## Exercise description
In the records below, find the line with "Degustação de vinhos" and repeat exactly every line from it through the line with "Hochbeet Aus Holz". Pictures stay out.

## Data supplied
::::::

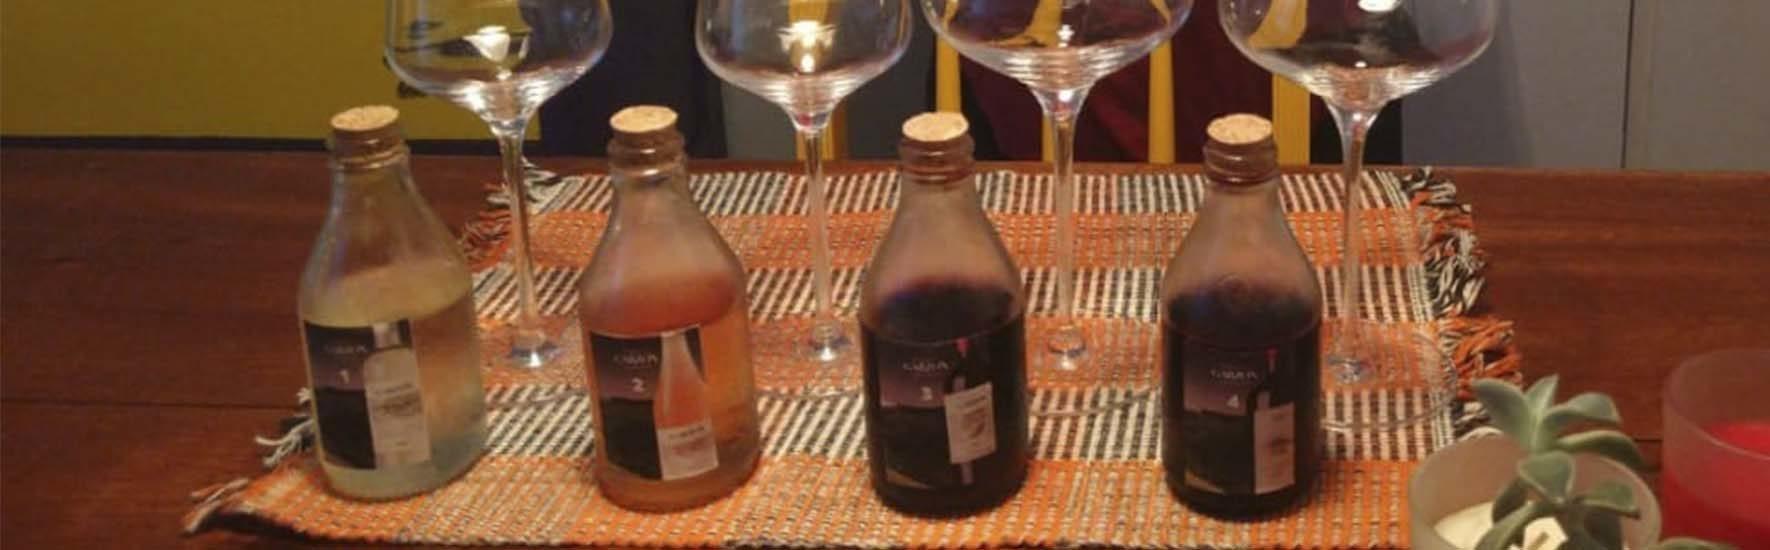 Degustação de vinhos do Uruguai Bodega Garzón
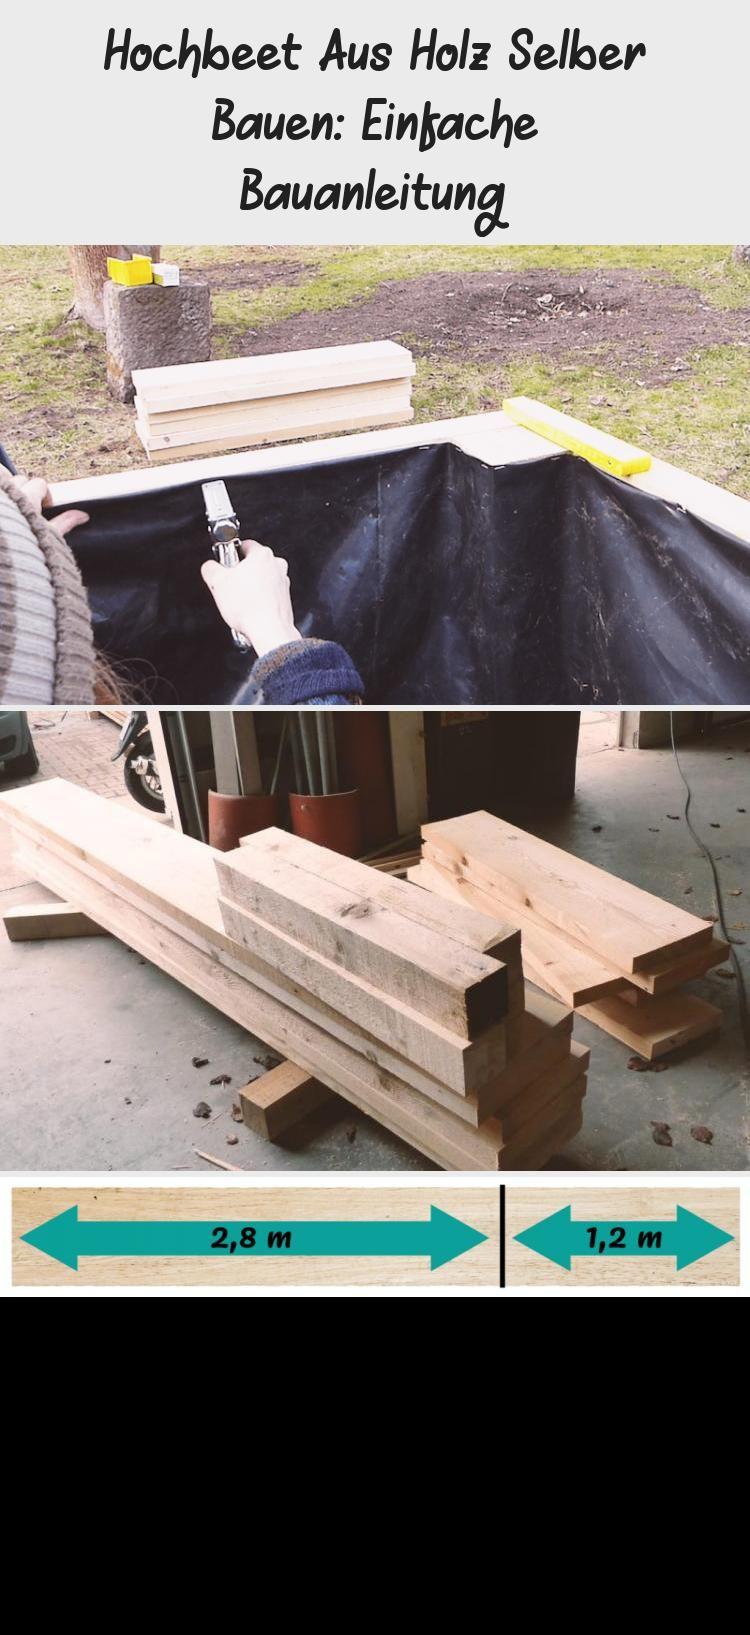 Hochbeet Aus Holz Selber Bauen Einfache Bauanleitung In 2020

::::::

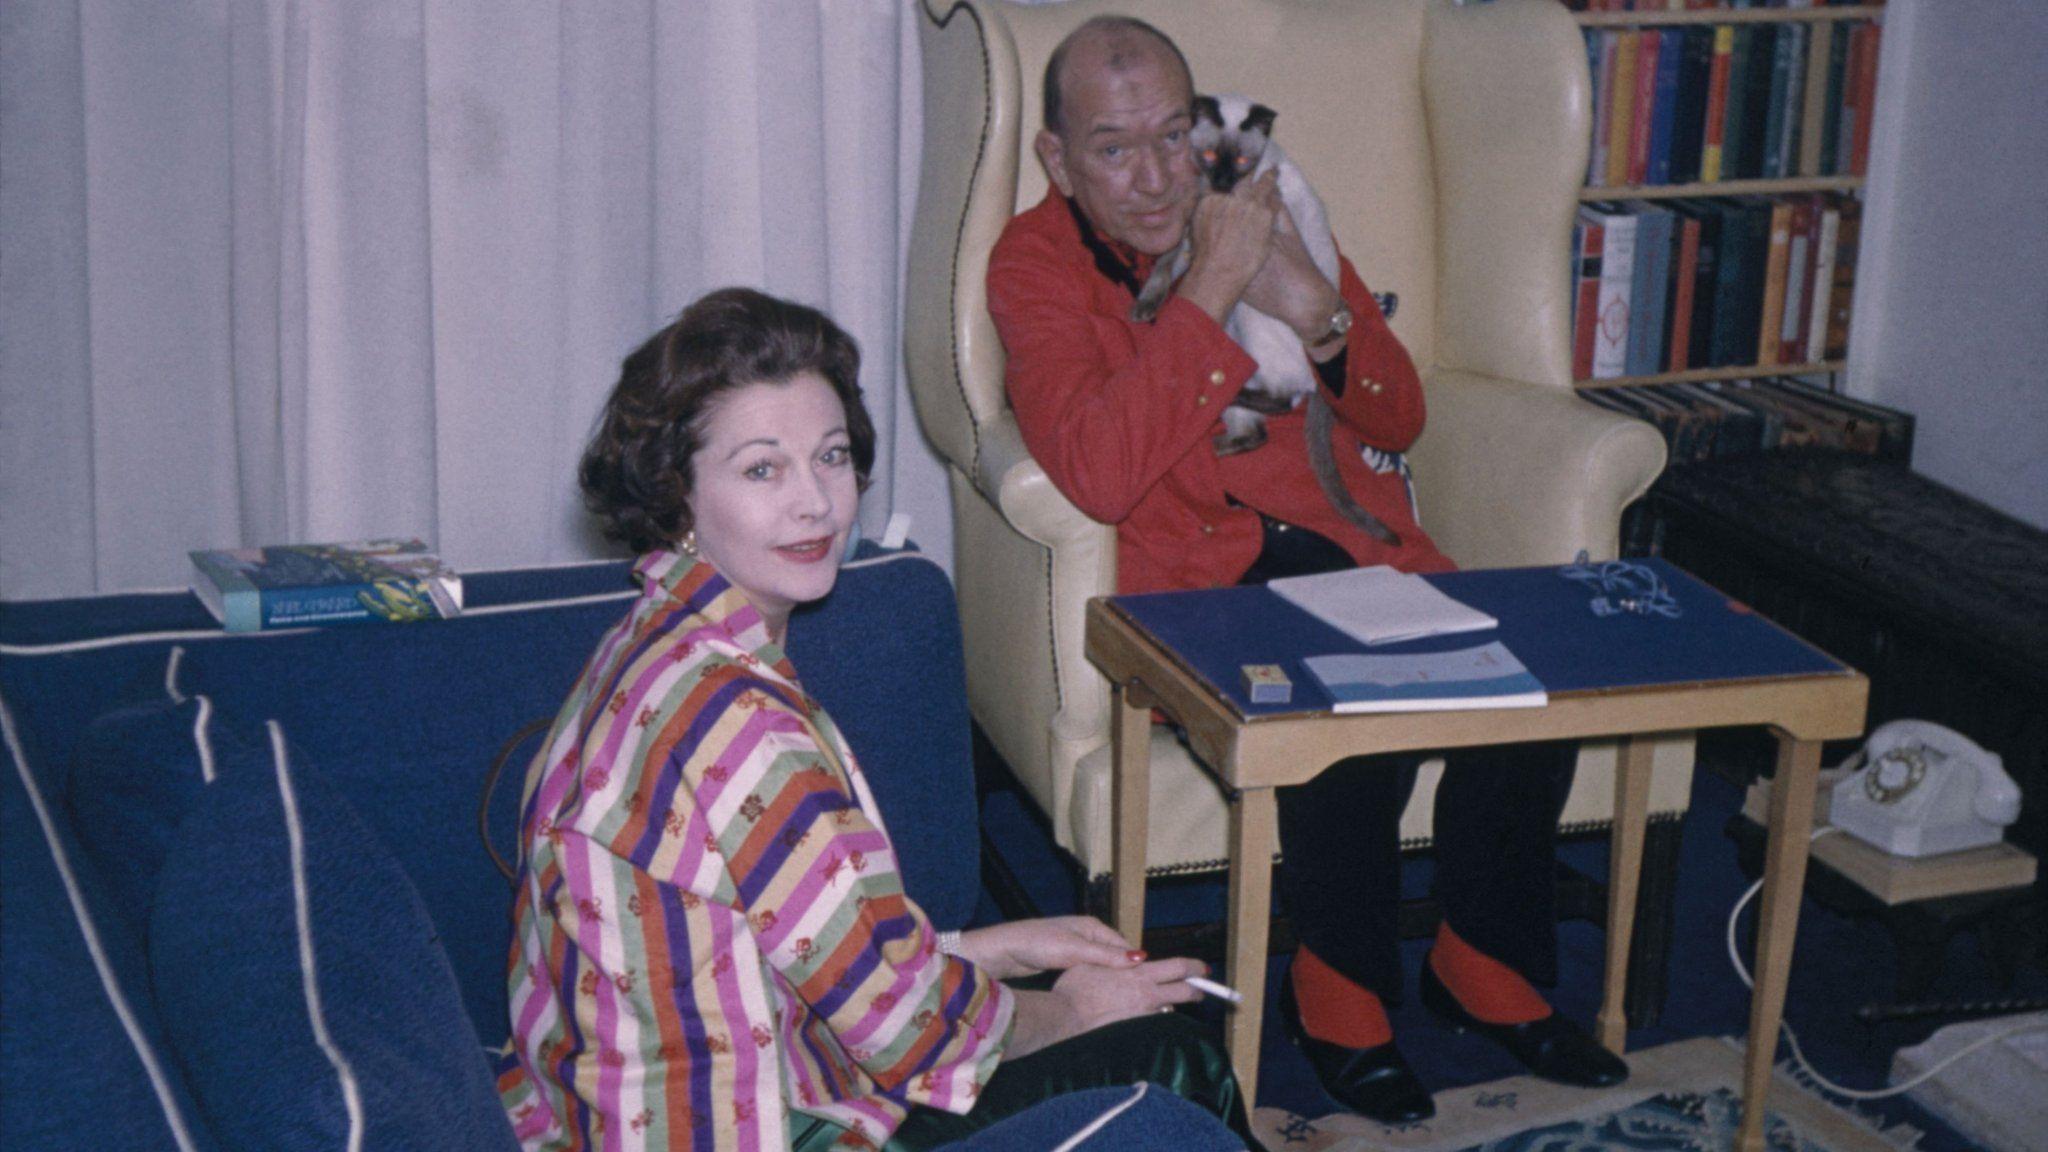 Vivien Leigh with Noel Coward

::::::

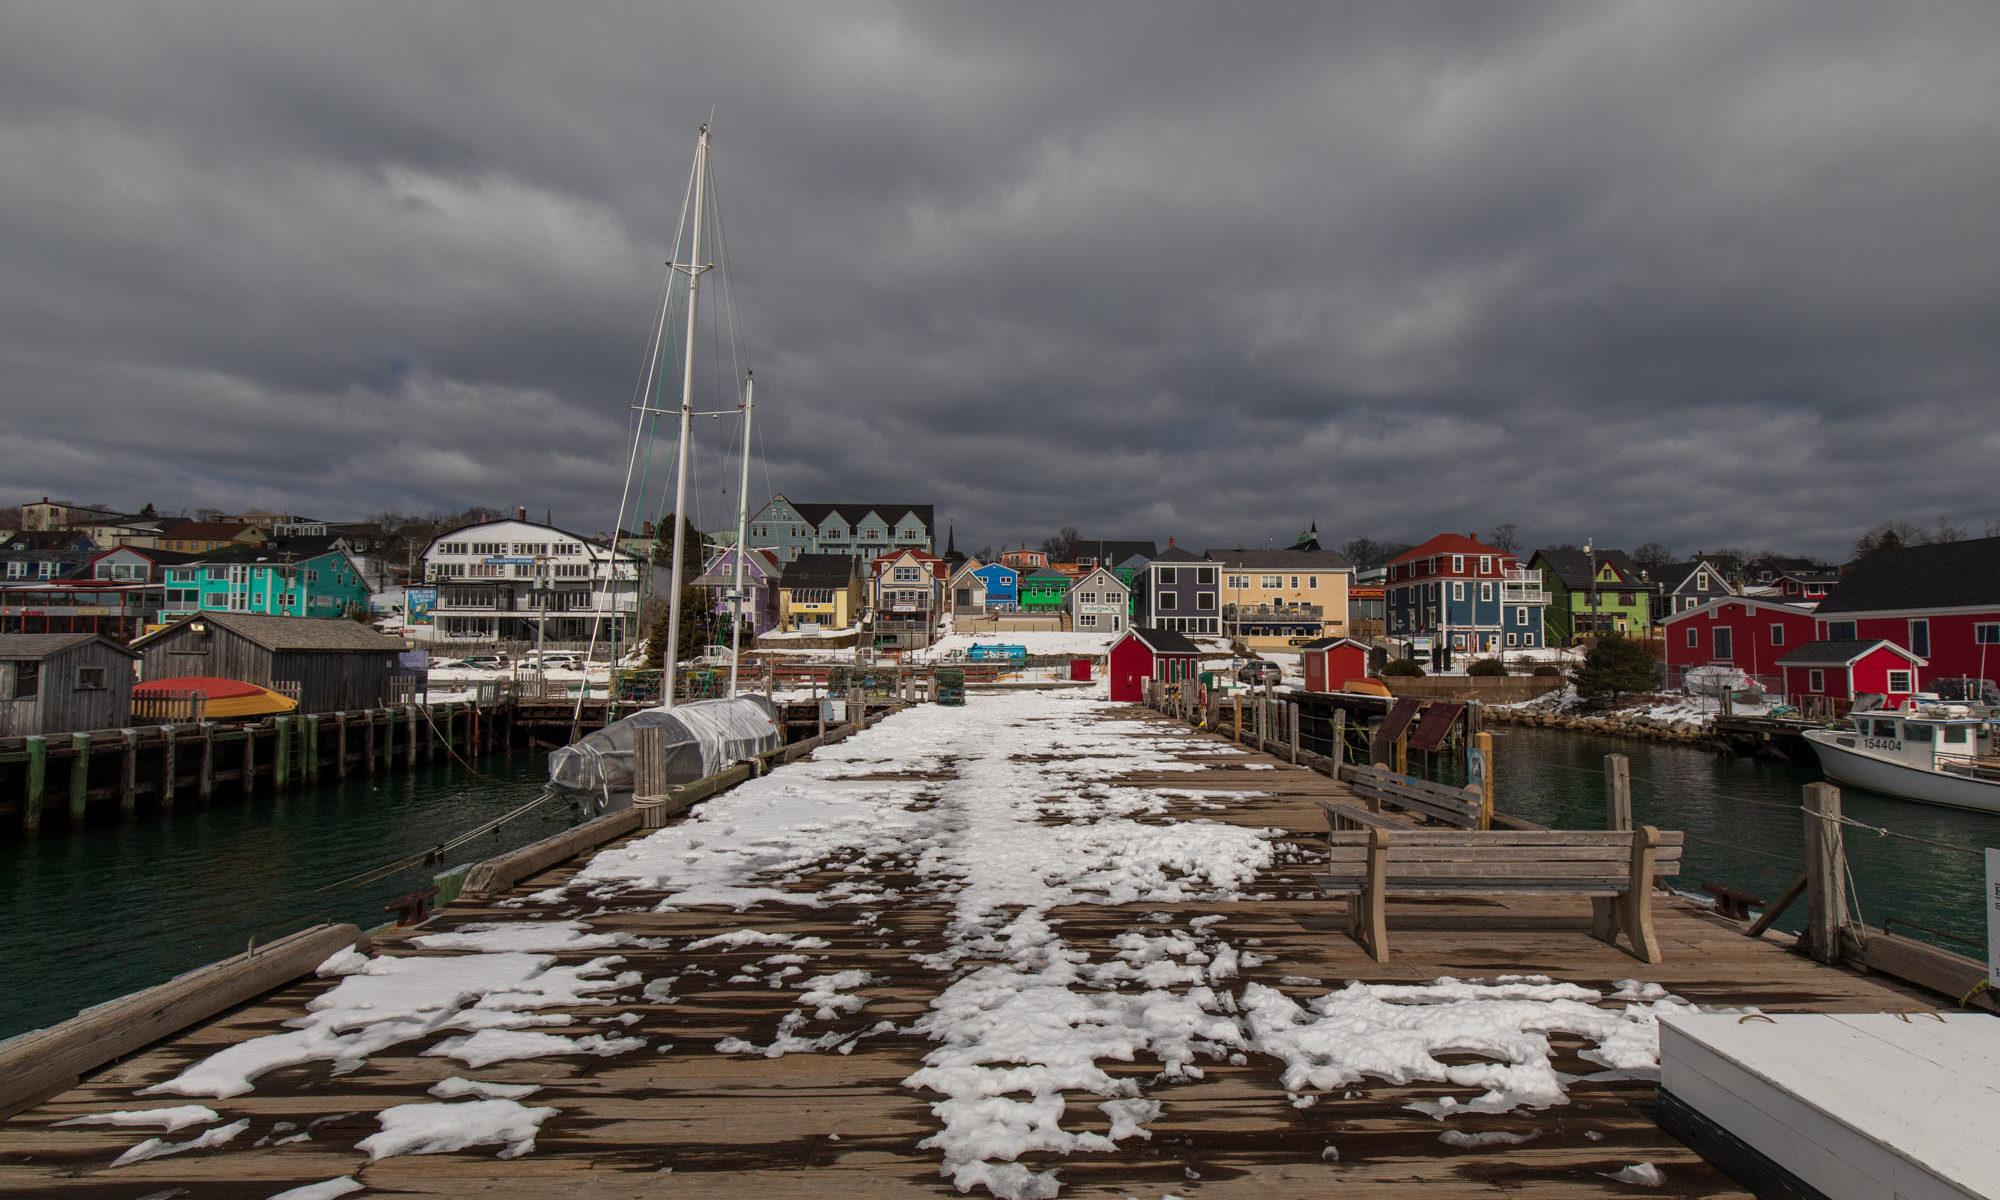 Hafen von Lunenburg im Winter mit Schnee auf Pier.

::::::

## Result
 Degustação de vinhos do Uruguai Bodega Garzón
 Hochbeet Aus Holz Selber Bauen Einfache Bauanleitung In 2020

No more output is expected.